At Tenstorrent, we believe the future of computing must be open, which is why our interns don't just watch from the sidelines - they help build the core of it. We provide a "code-to-career" pipeline where students collaborate with industry experts to solve high-stakes problems in RISC-V and AI hardware-software co-design. By joining us, you are taking an internship to democratize high-performance computers that are accessible to everyone.
As a CPU Performance Architect Intern at Tenstorrent, you will join a team of world-class CPU designers and performance architects to shape the future of high-performance computing. You will research emerging CPU workloads, analyze their impact on next-generation CPUs, accelerators, and build innovative solutions that maximize hardware performance.
This role is on-site, based in our Santa Clara, CA office.
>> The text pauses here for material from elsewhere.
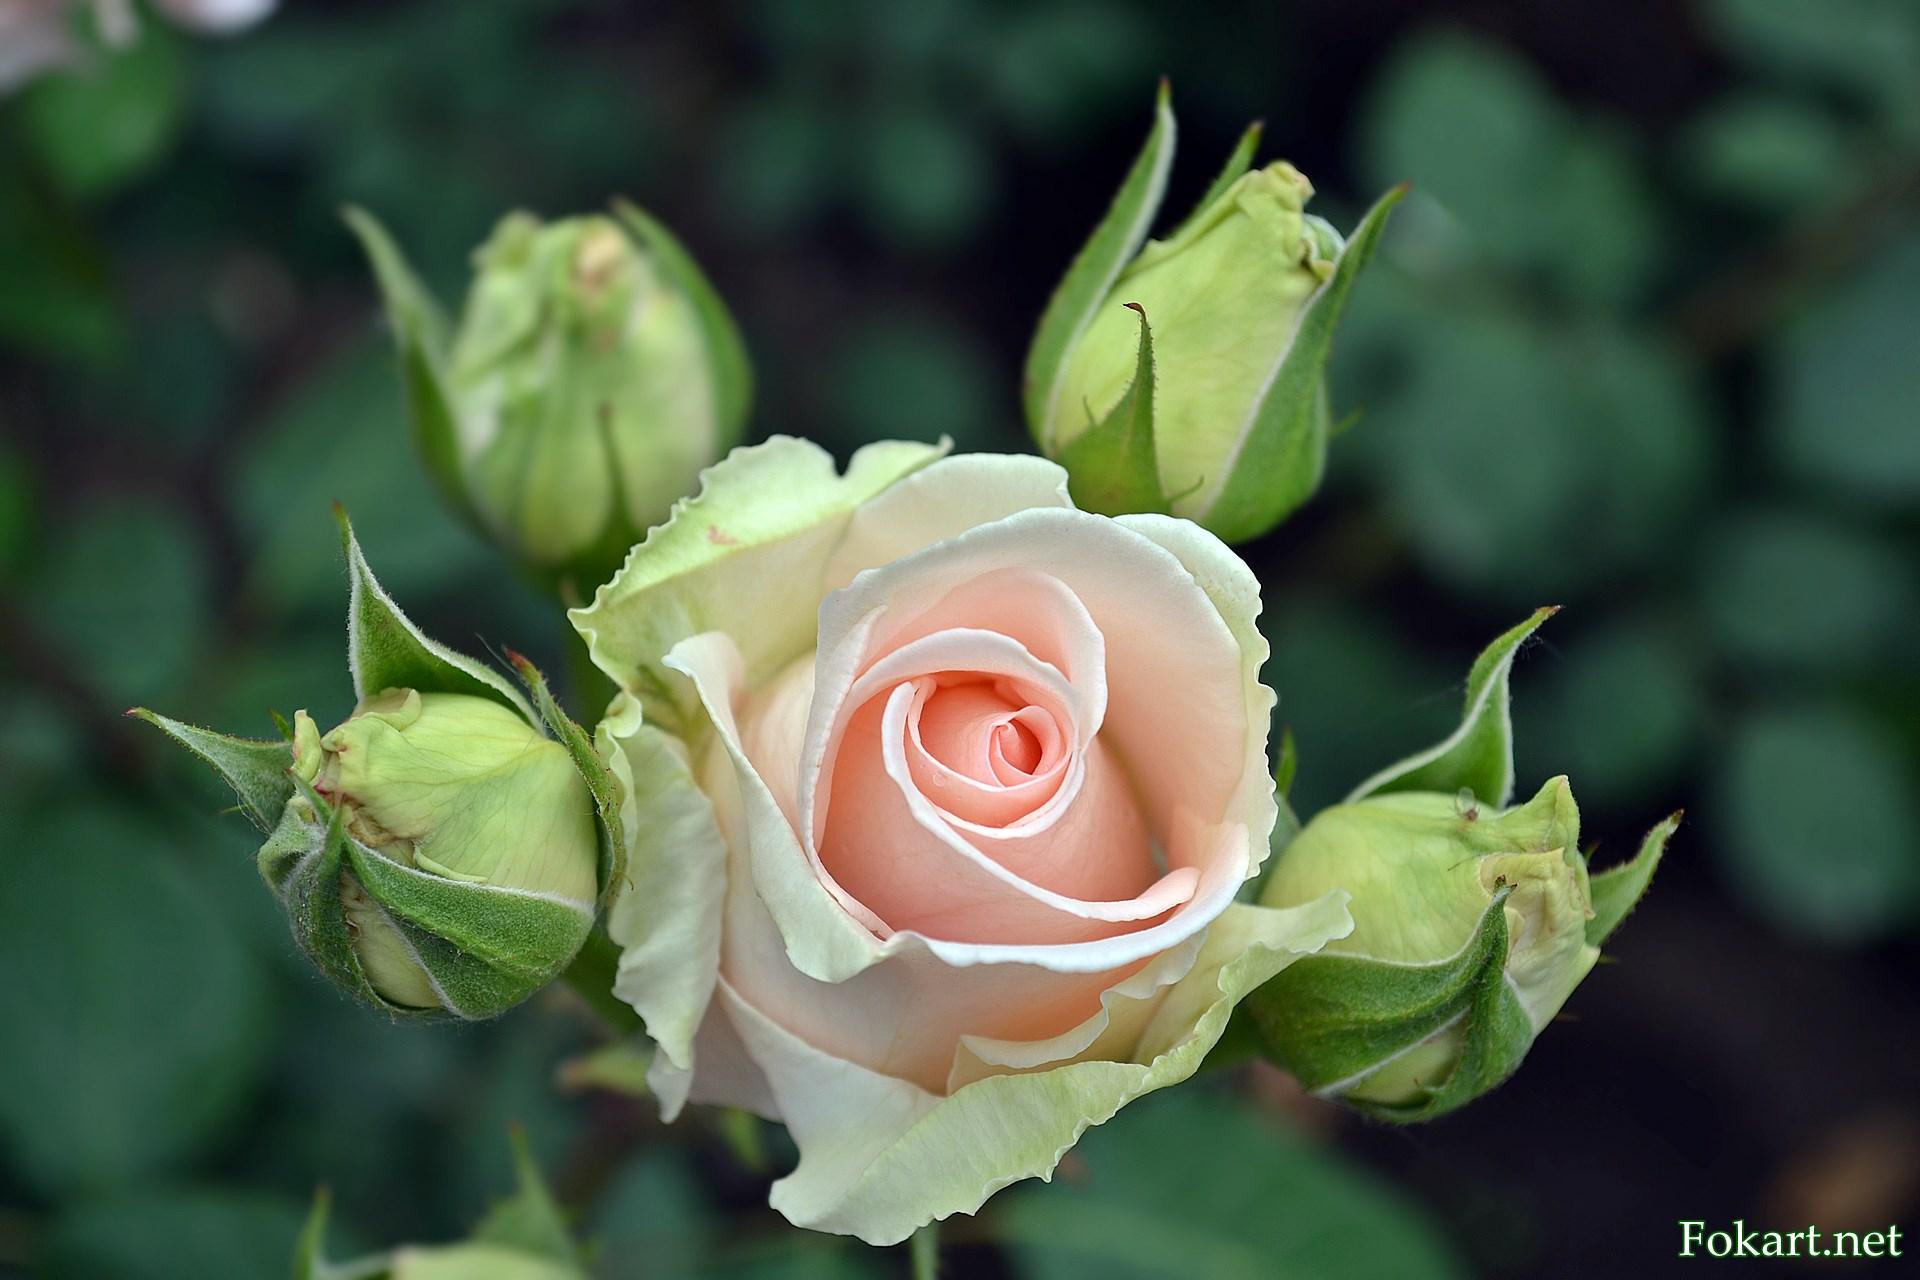 Светлая роза посреди четырёх бутонов.
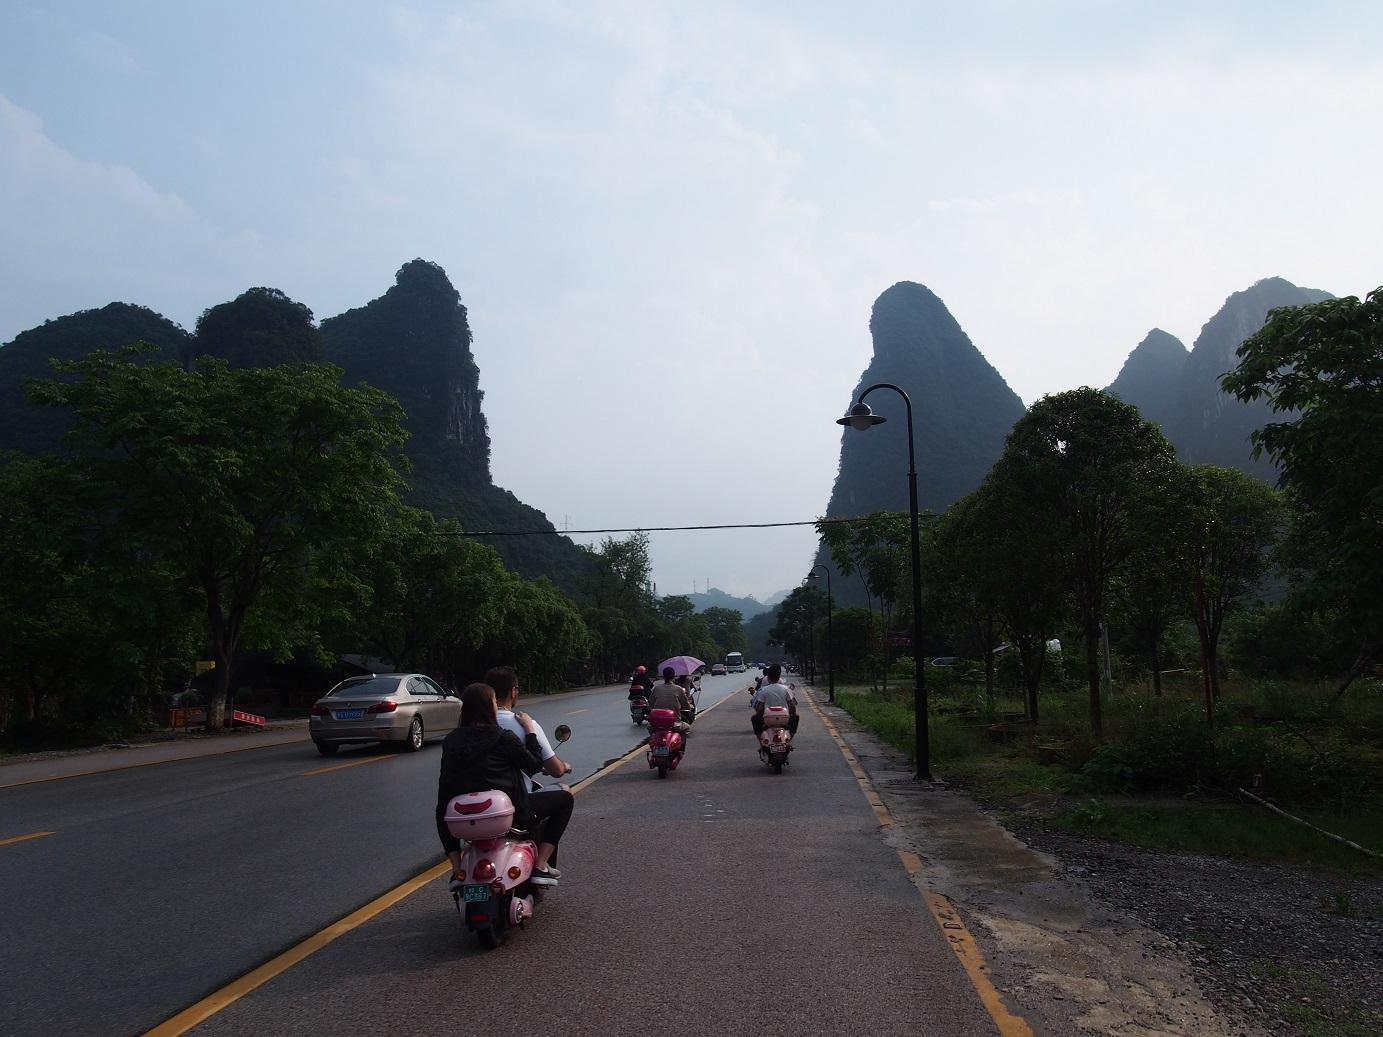 vozenie sa na skútroch v yangshuo

We may also consider remote candidates on a case-by-case basis.
Who You Are
- Currently pursuing a Ph.D. in Computer Architecture, Parallel Computing Artificial Intelligence/ Machine Learning, or a related field, with a strong publication record.
- Strong foundation in computer organization, computer architecture, parallel computation and digital logic design.
- Hands-on with Linux, performance and power profiling tools, Silicon PMU profiling, and hardware performance counters.
- Proficient in Shell scripting, Python, and C++, with experience in PyTorch, benchmarking, and targeted microbenchmarks.
- Strong familiarity with modern AI productivity workflows, with the ability to effectively use AI tools.
What We Need
- Conduct deep research into cutting-edge CPU application trends, workload characterization, and advanced performance and power modeling techniques.
- Build robust profiling, automation, and visualization tools that accelerate workload analysis and streamline production workflows.
- Identify microarchitectural bottlenecks, reduce workloads for efficient simulation, and leverage hardware-software co-design principles to propose hardware-aware optimizations.
- Enable and optimize critical CPU workloads, utilizing advanced parallel computation techniques to unlock the full potential of Tenstorrent hardware and contribute novel research or patentable ideas.
What You Will Learn
- How CPU workload analysis informs next-generation accelerator architecture and performance strategy.
- Practical approaches to workload characterization, reduction, performance modeling, and simulation at scale.
- How to profile, analyze, and optimize real-world software, ranging from industry-standard SPEC CPU benchmarks to emerging agentic AI workloads across hardware and software boundaries.
- Techniques for identifying performance bottlenecks and optimizing the execution of multi-agent AI systems on modern microarchitectures.
- How CPU designers, performance architects, and software teams work together to turn analysis into product impact.
USA Hiring Timelines
This internship opportunity is available throughout our 3 terms with the following corresponding recruitment cycles:
- Winter Term: Jan-Apr work term, Sept-Dec recruit.
- Summer Term: May-Aug work term, Oct-Apr recruit.
- Fall Term: Sept-Dec work term, Jan-Aug recruit.
Please note these timelines are for reference only. Actual timelines may vary.
Tenstorrent offers a highly competitive compensation package and benefits, and we are an equal opportunity employer.